方屿眼疾手快,及时赶到,一把将人捞起来,避免了来福捡个泥巴少爷回家的惨剧。
“姜少爷,您没事吧?”他温声问道。
待姜天成站稳后,方屿立刻非常自觉地放开他,免得再引这小公子发火。
但看他的样子,还是忍不住多嘴劝道:“少爷,饮酒对身体不好。让来福带您回去休息吧,明日再来看狗。”
姜天成可能是真的有点醉了,被方屿碰了以后,他好像都没想起来要怒斥对方,只拿一双清亮的眼睛灼灼地把人盯着。
姜天成醉得也是真的不凶,他看了一会儿,指着方屿鼻子,说:“假惺惺,狗腿子,你装什么装?别以为你对我好我就不知道,你们心里都讨厌我呢。”
方屿:“……”
姜天成把衣襟整理好,一扬下巴:“快走,我要去狗舍。”
方屿看了一眼唉声叹气的来福,也跟着叹了口气,“那少爷慢点,仔细脚下。”
夜风吹过麦田,把沉甸甸的麦穗摇得簌簌发响。
姜天成的酒意一路上也被吹散了不少。
他跟在方屿身后,看着他挺拔的背脊有点走神。
他知道自己方才的话难听,也知道自己只是在胡乱撒气,他既然说得出口,就没指望过要得到别人的谅解。但是他万万没想到,就算无故挨顿骂,这人也不生气。

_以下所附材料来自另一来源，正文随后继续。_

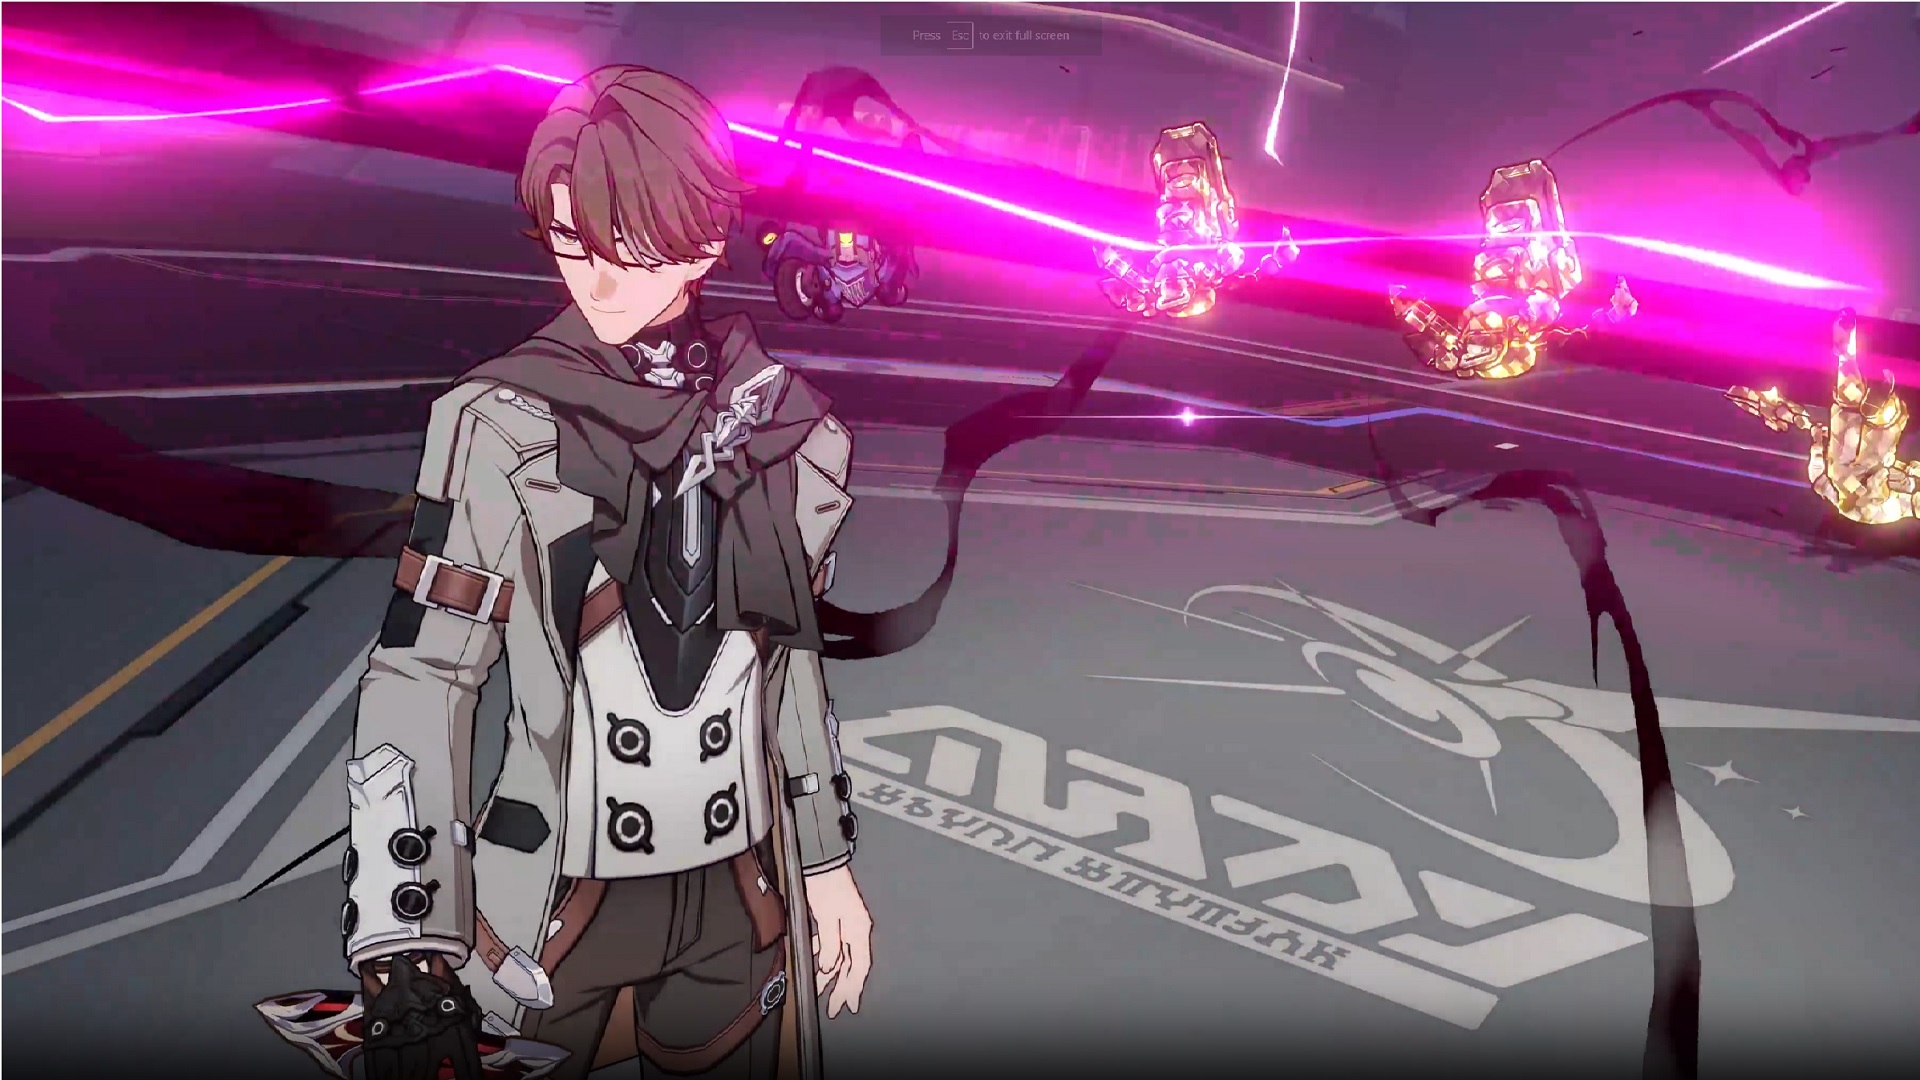 Welt, a five-star Imaginary character that you might pull in a Honkai Star Rail reroll, performs his ultimate on a group of enemies, tearing through them with pink neon light.

姜天成偷偷看一眼他的脸,是真没生气,只有点无可奈何的味道。
难不成……这是被自己说中了?
姜天成在后面胡思乱想的时候,踏进狗舍的方屿敏锐地察觉到有点不对。
往常这个时候,大部分的狗都应该趴在地上安静休息了,今晚却频频在拉着绳子转圈,好似十分焦躁。
他们进门的时候,狗儿们都警惕地起身看过来,却没和之前一样冲他们摇尾巴。
方屿正想让姜天成在门口等一等,他先上前查看一下情况,心不在焉的姜天成压根没注意,径直走到离他最近的一条金黄色大狗跟前,蹲下身就去摸它的头顶。

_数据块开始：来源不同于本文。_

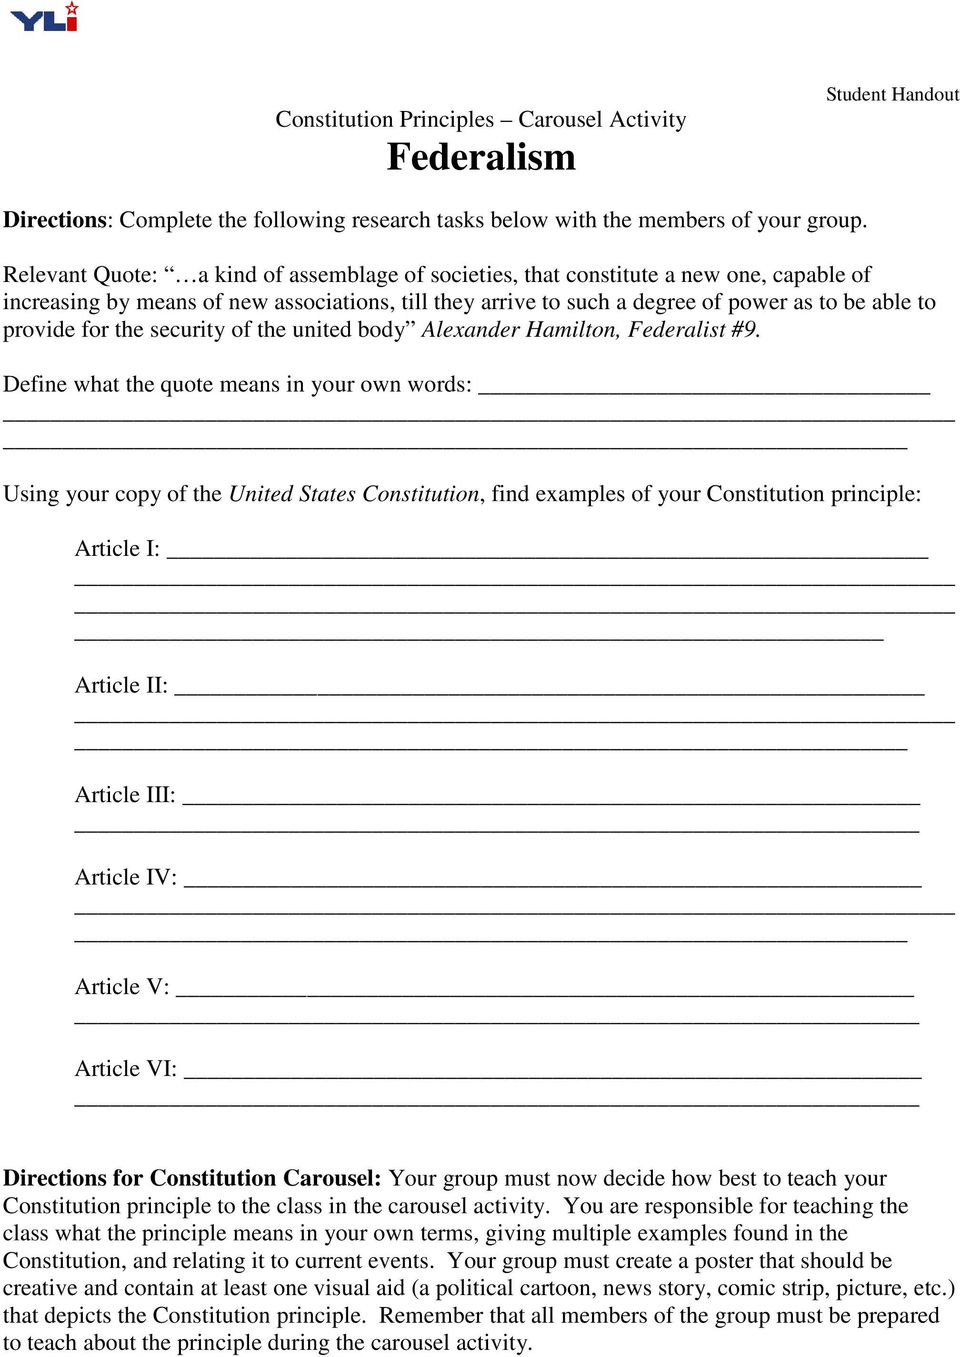 Four Key Constitutional Principles - PDF Free Download Regarding Constitutional Principles Worksheet Answers

说时迟那时快,大黄狗猝然弓身伏腰,猛将姜天成扑倒在地,张口朝他脖子咬去!
姜天成甚至来不及害怕,电光火石间,便听见了利齿划破血肉时令人牙酸的咯吱声。
恍惚中,姜天成好像听见耳边有人发出一声闷哼,有温热黏糊的液体滴到了他的脸上。
来福的哭喊声接踵而来,然后有人低哑着声音,像是在忍耐什么,问他:“你没事吧?”
方屿捂着自己淌血的胳膊,轻轻晃了晃呆滞的小少爷,“姜少爷?姜少爷?你没事吧?有没有哪里受伤?”
刚才大黄扑得太急,眼看这细皮嫩肉的小少爷就要命丧犬口,方屿也来不及想别的办法,只好舍身拿手臂挡在姜天成的脖子前。
大黄现在已经被他关进了笼子里,就是少爷……似乎被吓傻了?
方屿站起身,对来福道:“先扶少爷回去吧,应该是受了惊吓,没被咬着,好好休息就行……”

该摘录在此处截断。